Я получил эту кровь по праву рождения, а вместе с ней и Любовь. Она течет в моих жилах, кипит и обжигает, да я ведь и сам горю. Смотрите, я горю. Я — Огонь!

Не желаете ли моего сердца?

— Мадам, не желаете ли моего сердца? Не хотите ли разорвать его своими прелестными зубками? Да, да! Именно вы! Я же вижу, вы красивы, вы очень красивы и потому жестоки, и безжалостны. У вас прекрасные, крепкие зубы, смотрите какие они острые.

Вы же любите мясо?

Я знаю, что любите. Да вы же хищница, мадам. Что вы так недовольно морщитесь — это правда! Вы самый прожорливый из хищников, которых я знаю. И притом очень капризный. Ну конечно, жертвы сами бегут к вам, вам даже ни к чему трудиться. Вы едите себе подобных, более того вы настолько пресыщены, что едите только их сердца.

Что, я угадал? Ха-ха. Я знал.

Ну что, не желаете ли моего сердца? Возьмите, попробуйте кусочек, правда, теплая кровь? Что вы говорите? Соленая? Ну, это же нормально. Ну же, не стесняйтесь, ешьте. Что? Ах вы настроены игриво? Вы желаете поиграть со мной, прежде чем съесть? Ну что ж воля ваша, давайте поиграем. Только ешьте меня медленно, прошу Вас.

Что за мучительная слабость — любить сладость невыносимой боли, висеть на волоске, слышать скрежет зубов и ощущать, как сердце твое разрывают, разжевывают по кусочкам и выплевывают, запивая еще теплой кровью?

Танец Быка

Любовь — это Коррида, это Игра, это смертный бой, это поединок двух бойцов, один из которых обязательно умрет.

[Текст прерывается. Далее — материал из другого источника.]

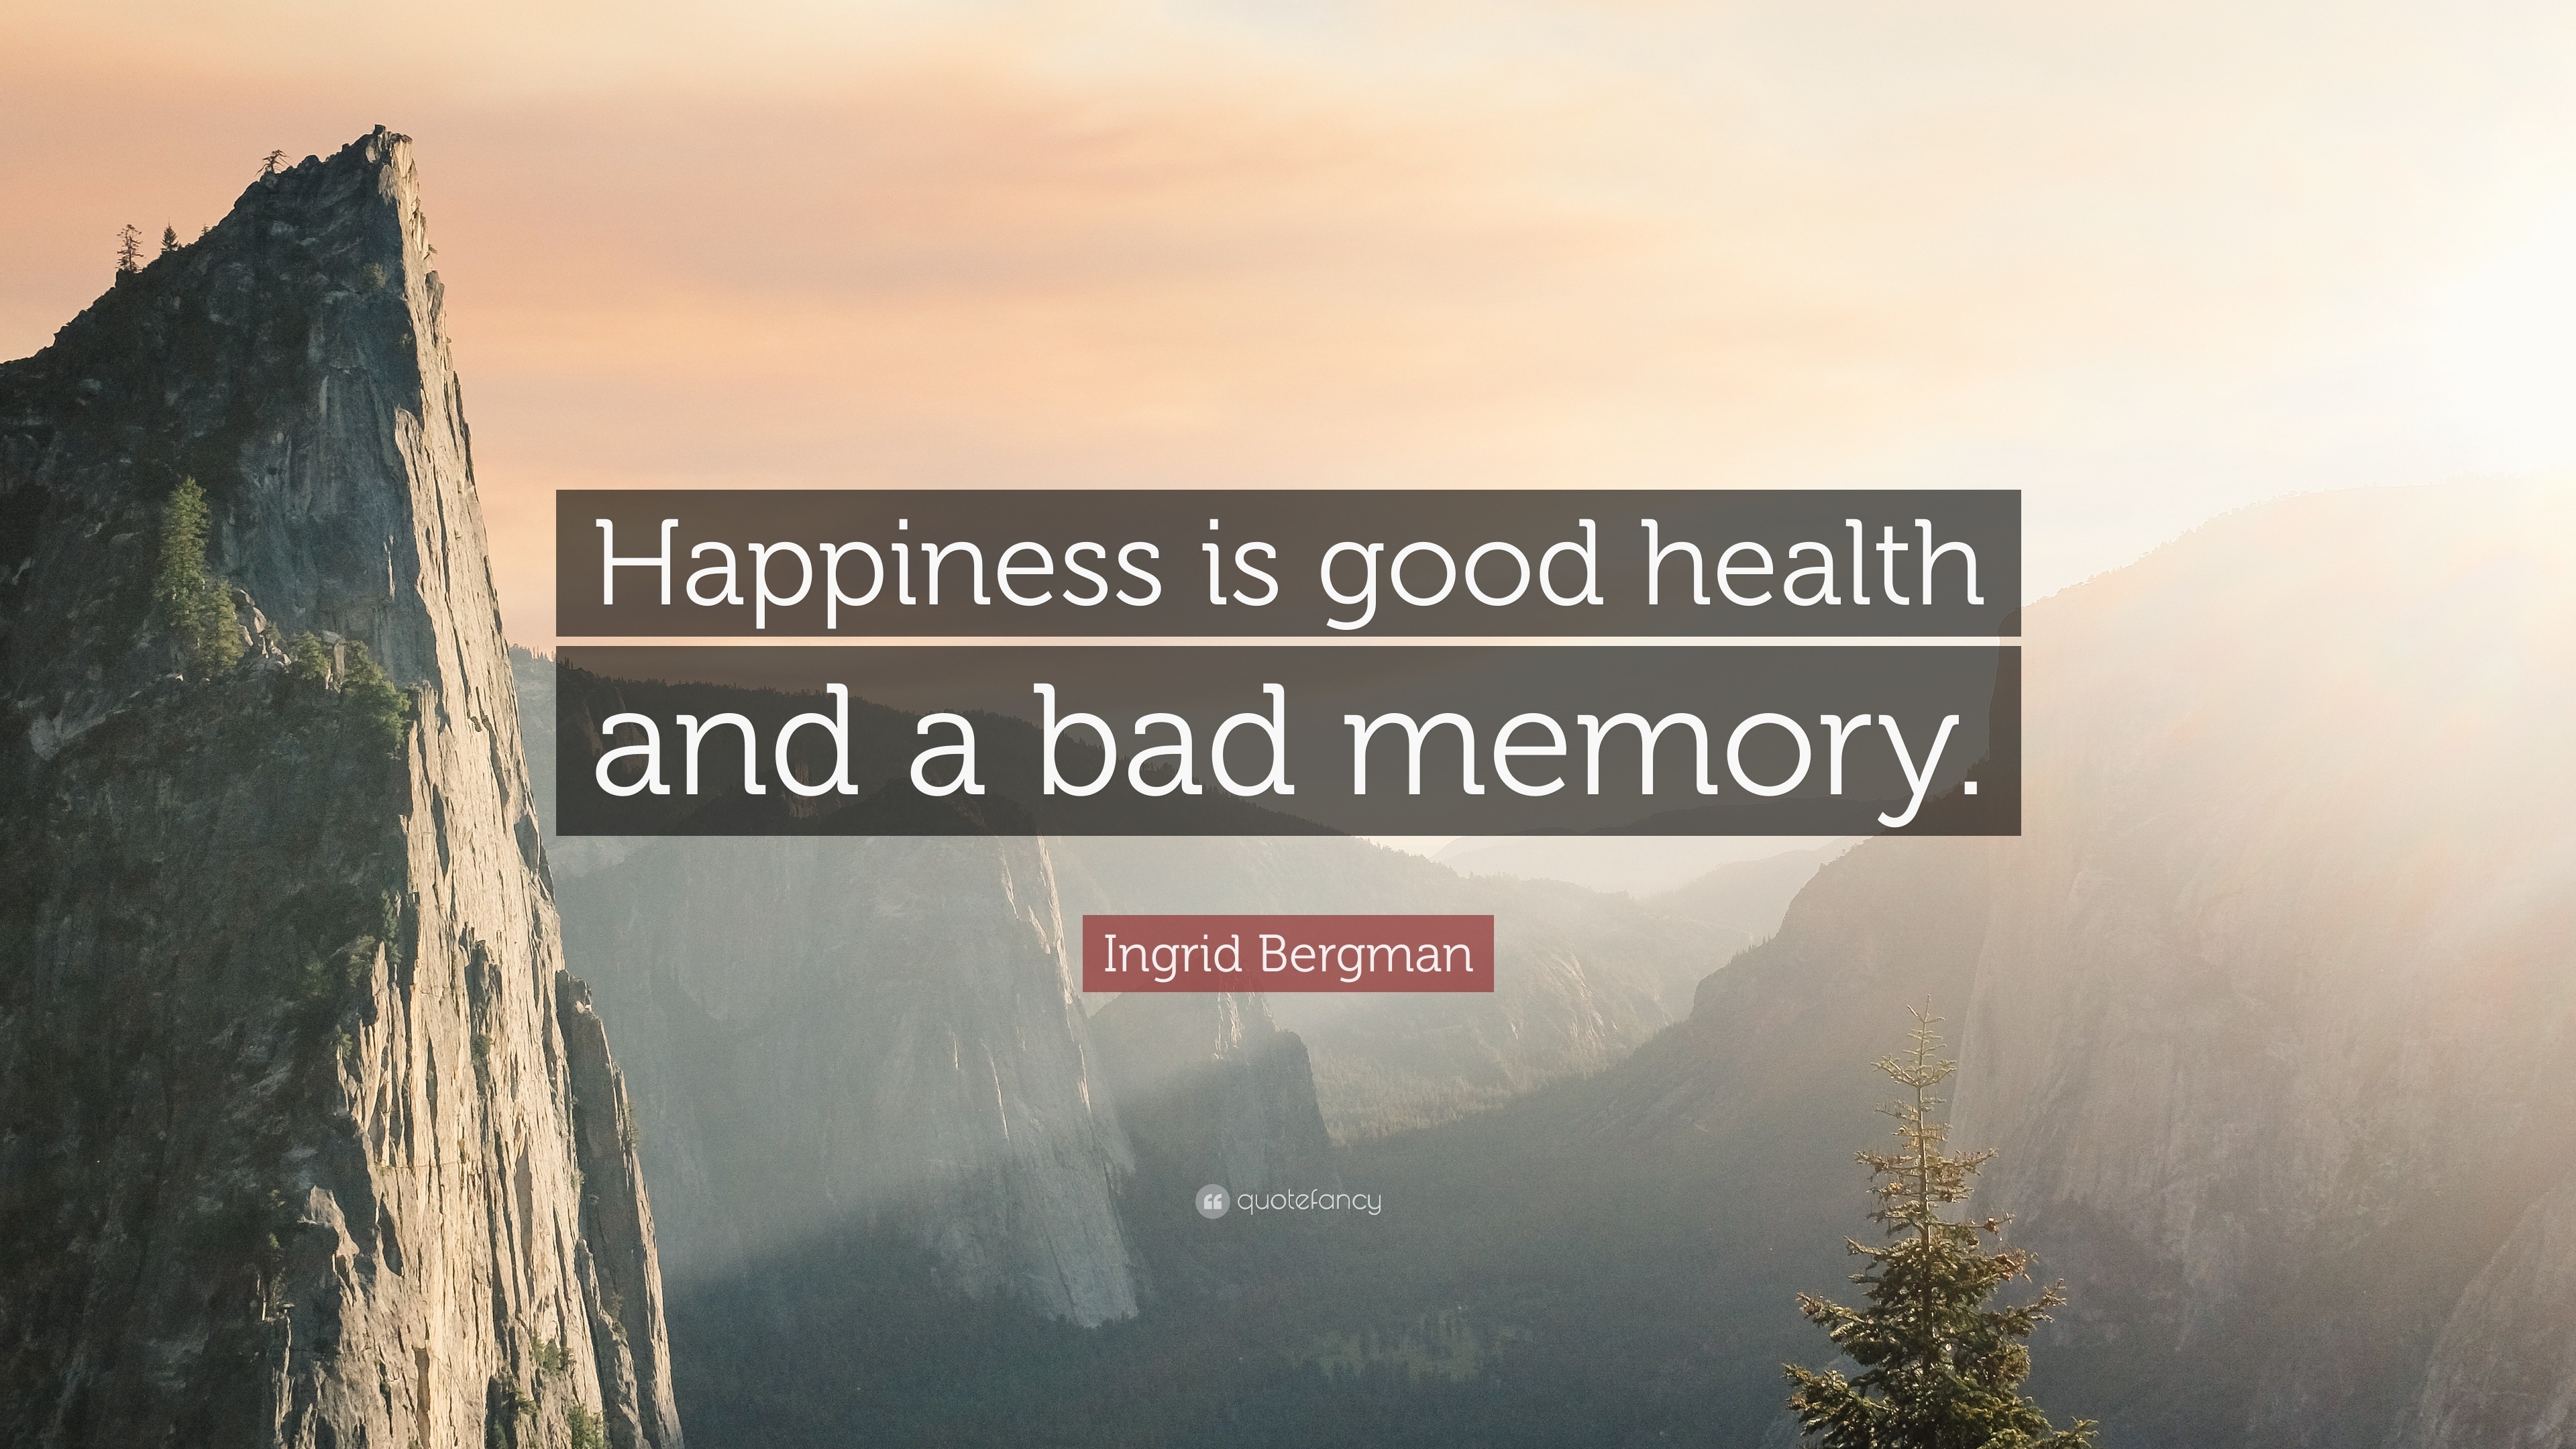 Ingrid Bergman Quote: “Happiness is good health and a bad memory.”

Ты — Бык! Мощный, несокрушимый зверь, который сметает все на своем пути, но есть на свете такие враги, о которых ты и понятия не имел.

Свет!

Ты на Арене, под палящим солнцем, под тобой раскаленный песок.

Звук!

Рев тысяч зрителей, они все пришли насладиться твоей гибелью.

И вот началось!

Для начала Пикадор — на коне, в броне, недоступный, не досягаемый, он смеется, он дразнит, он колет тебя, он делает тебе больно, а что можешь ты?

Почти ничего. Ты можешь только биться. Пока еще есть время.

Пикадор все колет и колет тебя, ты бросаешься за ним, но не догонишь, он изматывает тебя, обескровливает, ты становишься все слабее с каждой пролитой каплей крови, не осознавая этого.

Иногда кажется, вот он конец. Но нет! Это всего лишь прелюдия. Он ушел.

Вот они! Искрящиеся бандерильеро, они сделают из тебя дикобраза, утыкав спину твою разноцветными шпажками.

Что это было? Ты помнишь хоть одного из них, этих смеющихся, хохочущих врагов? Хоть одного ты смог зацепить? Ударить, убить, раздавить?

Нет. Все произошло слишком быстро, и их было слишком много.

Безумие, ты растерян, где они?

Убежали со смехом. Но не убили тебя. Тебя убьет другой.

Рев толпы.

Крики:

— Бей!

Вот он — главный и единственный — у тебя не было и не будет больше такого врага. Матадор!

Выверен каждый шаг, она не ходит, она танцует. Она убьет тебя одним ударом, с изяществом ядовитой змеи.

О да, Матадор — это она, и ты у нее не первый кого она убила на потеху зрителям, и во имя Ее славы.

Вот она дразнит тебя, ты злишься — верный признак того, что скоро умрешь. Разбег — бросок — удар, но твои рога находят лишь пустоту.

Ты в бешенстве — матадор улыбается — ей только того и надо. Разбег — удар — мимо! Снова и снова пытаешься ты ударить, но вспарываешь только воздух.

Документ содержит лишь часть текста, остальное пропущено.